Athlete's Heart and ECG
Last update: May 2020
Cardiovascular causes of sudden death in young competitive athletes in the United States
  Most common: Hypertrophic cardiomyopathy, Congenital coronary artery anomaly
  Less common: Myocarditis, Aortic rupture (Marfan syndrome), Mitral valve prolapse.
  Uncommon: Arrhythmogenic RV cardiomyopathy, Atherosclerotic coronary artery disease,
Conduction system abnormalities, Aortic valve stenosis
The following ECG abnormalities may be observed in well-trained athletes and are not generally regarded as abnormal
  Sinus bradycardia.
- Normally heart rate should increase during exercise in athletes (as in normal healthy population).
- In athletes, sinus bradycardia generally does not result in syncope or dizziness.
- In athletes, no further investigation is needed unless heart rate decreases below 30/minute at rest.
- The sinus bradycardia at rest may diasappear after cessation of professional athletic training .
  Sinus arrhythmia. No need for further investigation unless there is a pause > 3 seconds while the patient is awake (during daytime).
  Early repolarization (in 50% of the athletes)
  Black athlete early repolarization variant: J-point elevation and convex (‘domed’) ST-segment elevation followed by T-wave inversion in leads V1-V4
in black athletes.
  Ectopic atrial rhythm
  Junctional rhythm
  Increased QRS voltage for left ventricular hypertrophy or right ventricular hypertrophy
  First-degree atrioventricular (AV) block (35%). Generally disappears during exercise (If PR interval ≥ 400 ms, this is abnormal and needs further investigation).
  2nd degree, type 1 (Wenkebach) atrioventricular (AV) block (10%). Generally disappears during exercise .
  Incomplete right bundle branch block (35%) ( may disappear after the cessation of professional athletic training ).
  Persistent juvenile T pattern (negative T waves in leads V1 to V3)
The following ECG abnormalities are borderline. Further investigation is needed if ≥ 2 of them are observed in an athlete:
  Left atrial abnormality
  Right atrial abnormality
  Left axis deviation (-30° to -90°)
  Right axis deviation (>120°)
  Complete right bundle branch block: rSR' pattern in lead V1 and a S wave wider than R wave in lead V6 with QRS duration ≥ 120 ms
The following ECG abnormalities are not related to sports. When observed in an athlete's ECG, they call for further investigation:
  T wave negativity other than juvenile T wave pattern (≥ 1 mm in depth in two or more contiguous leads; excludes leads aVR, III, and V1):
- Negative T waves in lateral or inferior leads is usually abnormal.
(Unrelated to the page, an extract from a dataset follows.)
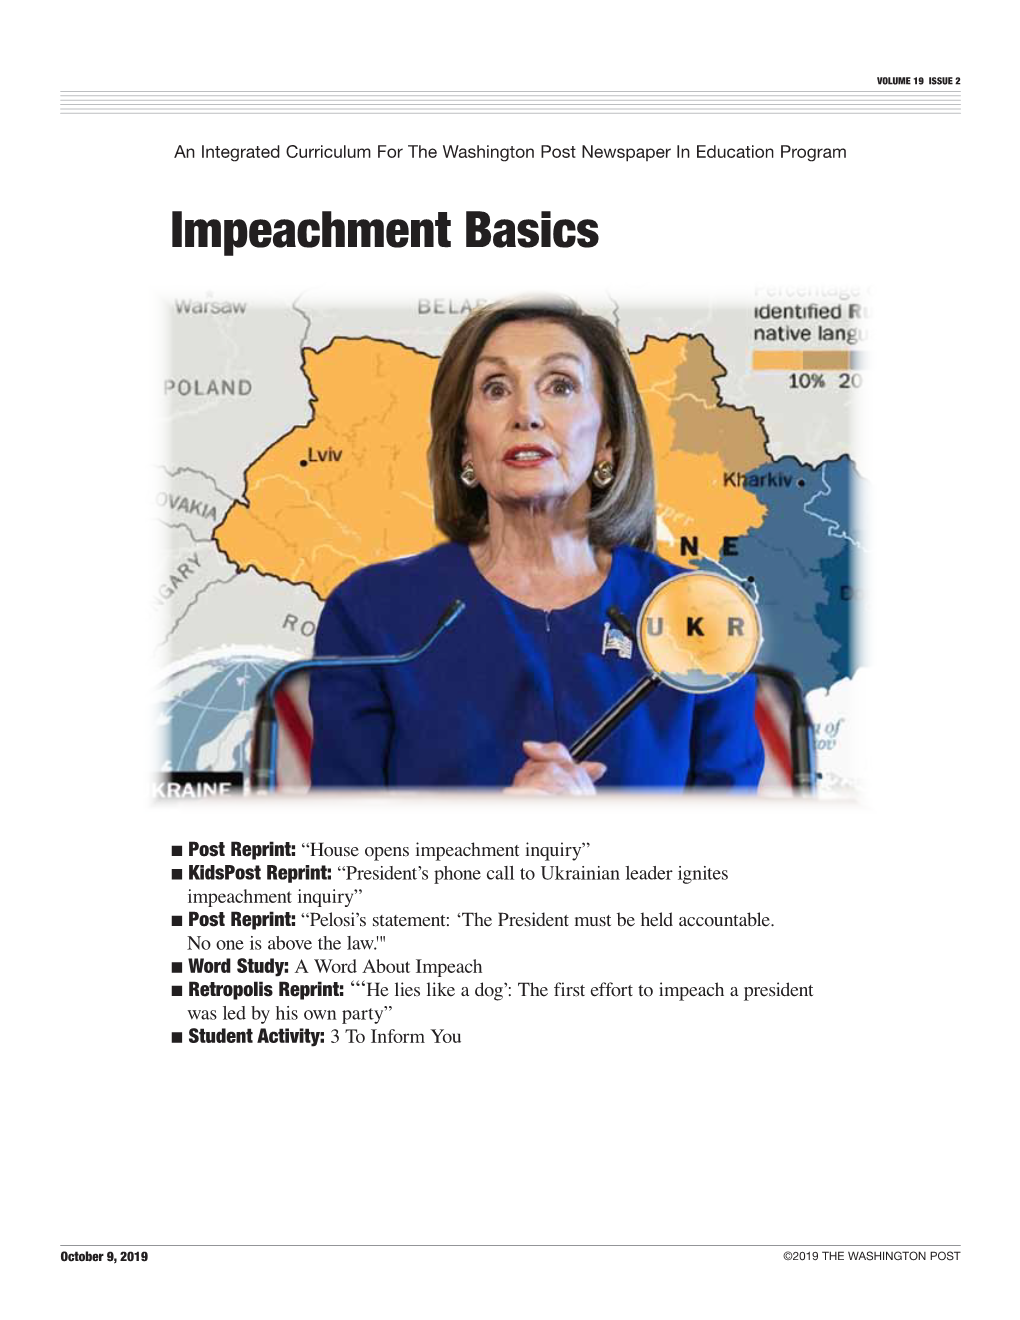 Impeachment Basics

- Deep T wave negativity in any lead.
  ST segment depression ≥ 0.5 mm in depth in two or more contiguous leads.
  Left atrial abnormality
  Pathologic Q waves: Q/R ratio ≥ 0.25 or ≥ 40 ms in duration in two or more leads (excluding III and aVR).
  QRS ≥ 140 ms duration
  Epsilon wave
  Profound sinus bradycardia ( < 30 beat/minute)
  PR interval ≥ 400 ms
  Atrial tachyarrhythmias (supraventricular tachycardia, atrial fibrillation, atrial flutter)
  Ventricular arrhythmias (including 2 or more VPCs per 10 s tracing)
  Complete AV block
  Mobitz type II, 2nd degree AV block: Intermittently non-conducted P waves with a fixed PR interval.
  Complete left bundle branch block: QRS ≥ 120 ms, predominantly negative QRS complex in lead V1 (QS or rS), and upright notched or slurred
R wave in leads I and V6
  Preexcitation pattern
  Prolonged QT interval: QTc ≥ 470 ms (male), QTc ≥ 480 ms (female), QTc ≥ 500 ms (marked QT prolongation)
  Short QT interval
  Brugada Type 1 pattern
References
  J Am Coll Cardiol 2017;69:1057-1075. (International Recommendations for Electrocardiographic Interpretation in Athletes.) (free full-text)
  Eur Heart J 2009;30:1728-1735.
  Eur Heart J 2010;31,243-259.
  European Heart Journal 2005;26:516-524. (ESC Report Cardiovascular pre-participation screening of young competitive athletes for prevention of
sudden death: proposal for a common European protocol) (free full-text)
ECG 1. The ECG above belongs to a 38 years-old professional football player.
His ECHOcardiography and treadmill exercise tests were normal.
Sinus bradycardia is seen. He does not take any heart rate slowing medication.